Look at the hash the administration made of diplomacy before the invasion of Iraq. It couldn't even bring the Turks on board. Nothing better exposed its ham-handedness than the speech Vice President Dick Cheney made in August 2002 declaring there was no need to send U.N. weapons inspectors back to Iraq. When just a few weeks later Bush asked for the inspectors to be dispatched, his sincerity was widely questioned.
Things haven't improved much during the occupation of Iraq. The heavy-handed U.S. proconsul, L. Paul Bremer III, managed to alienate pretty much every Iraqi politician. Contributing to the disarray has been the flip-flopping on such basic questions as the role of the U.N. and of Ahmad Chalabi, a situation that reflects deep divisions within the administration.

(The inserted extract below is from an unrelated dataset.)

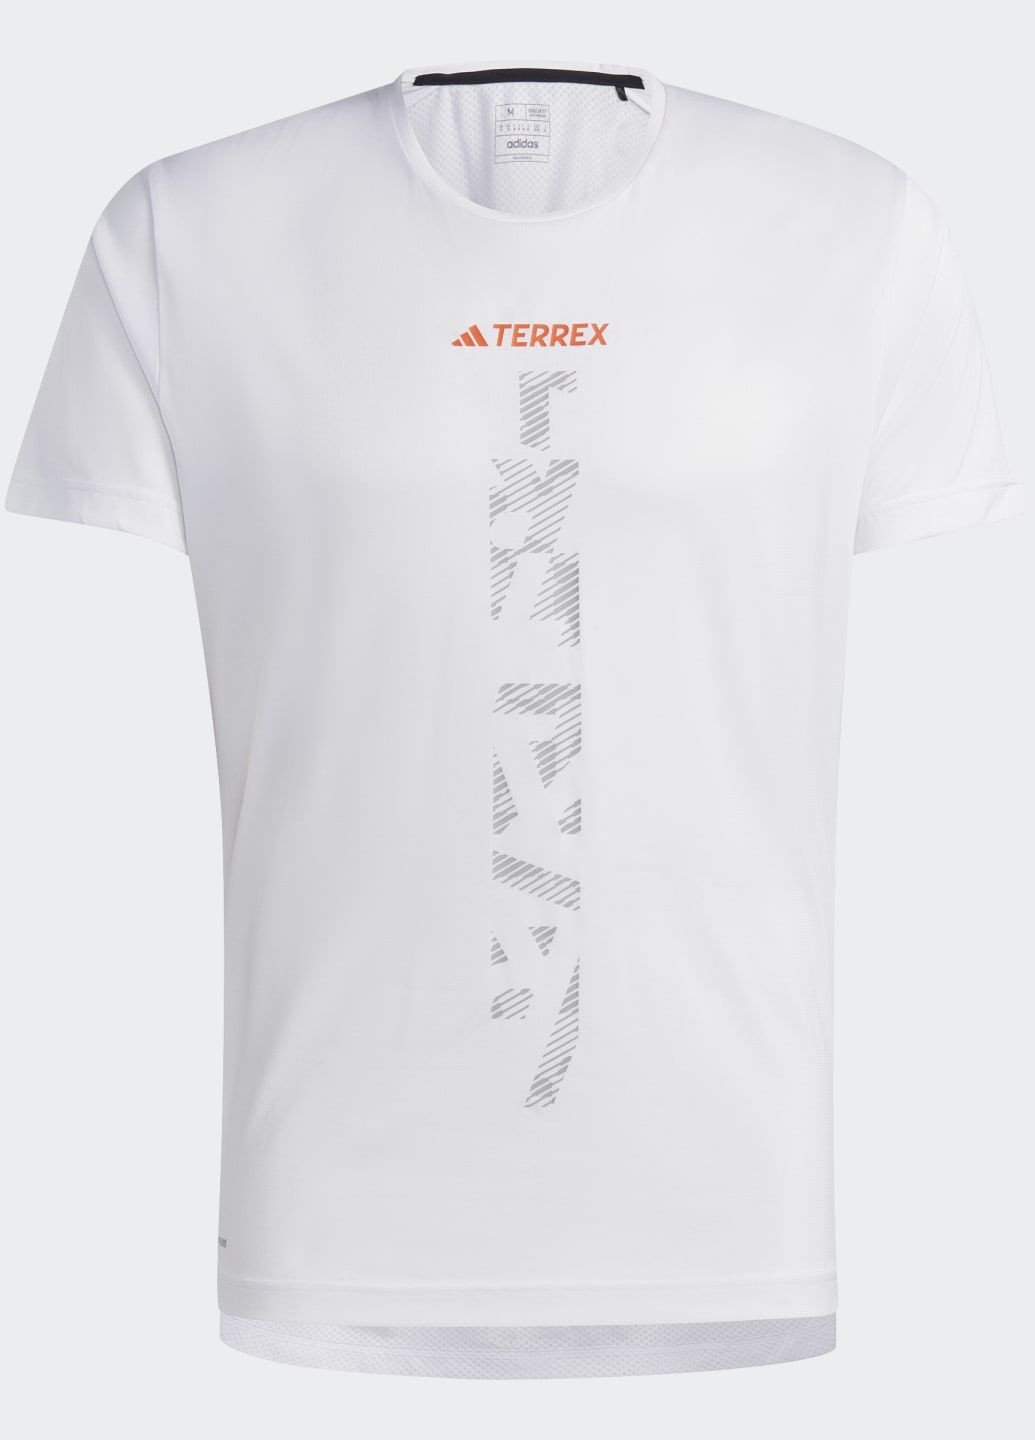 Біла футболка для бігу terrex agravic adidas

Meanwhile, the administration has failed to develop a coherent approach to the nuclear crises looming in Iran and North Korea. Administration hard-liners have argued for regime change. Soft-liners have suggested striking deals with Pyongyang and Tehran. Rather than following either policy, the president has dithered as atomic production lines have geared up.
What's behind these failures? Every administration-watcher I've talked to, Republican or Democrat, points to a dysfunctional interagency process. The National Security Council is supposed to coordinate departments and produce a coherent policy. It hasn't done its job. The State and Defense departments are constantly at odds, and neither NSC chief Condoleezza Rice nor her deputy, Stephen Hadley, has knocked heads together to produce a unified approach. In the fruitless search for internal consensus, they usually wind up deferring difficult decisions.
When goof-ups occur, no one is held responsible. The only senior national security official to leave the administration, CIA Director George J. Tenet, is retiring apparently because of pressure from outside investigators, not from the president. In fairness to Rice and Hadley, they have a difficult job in dealing with such outsize personalities as Secretary of Defense Donald H. Rumsfeld and Secretary of State Colin L. Powell, to say nothing of their strong-willed deputies, Paul D. Wolfowitz and Richard L. Armitage. Ultimately it's up to Bush to hold his aides accountable and force them to work together. Because he has often failed to do so, the blunders keep on coming.
Bush can take some comfort from the fact that his hero, Ronald Reagan, presided over similar bureaucratic chaos and it didn't prevent him from achieving his major objectives -- reviving the economy and defeating communism. But Bush is taking his Reagan redux approach a bit too far if he insists on emulating the Gipper's weaknesses as well as his strengths.
Max Boot, a senior fellow at the Council on Foreign Relations, writes a weekly column for the Los Angeles Times.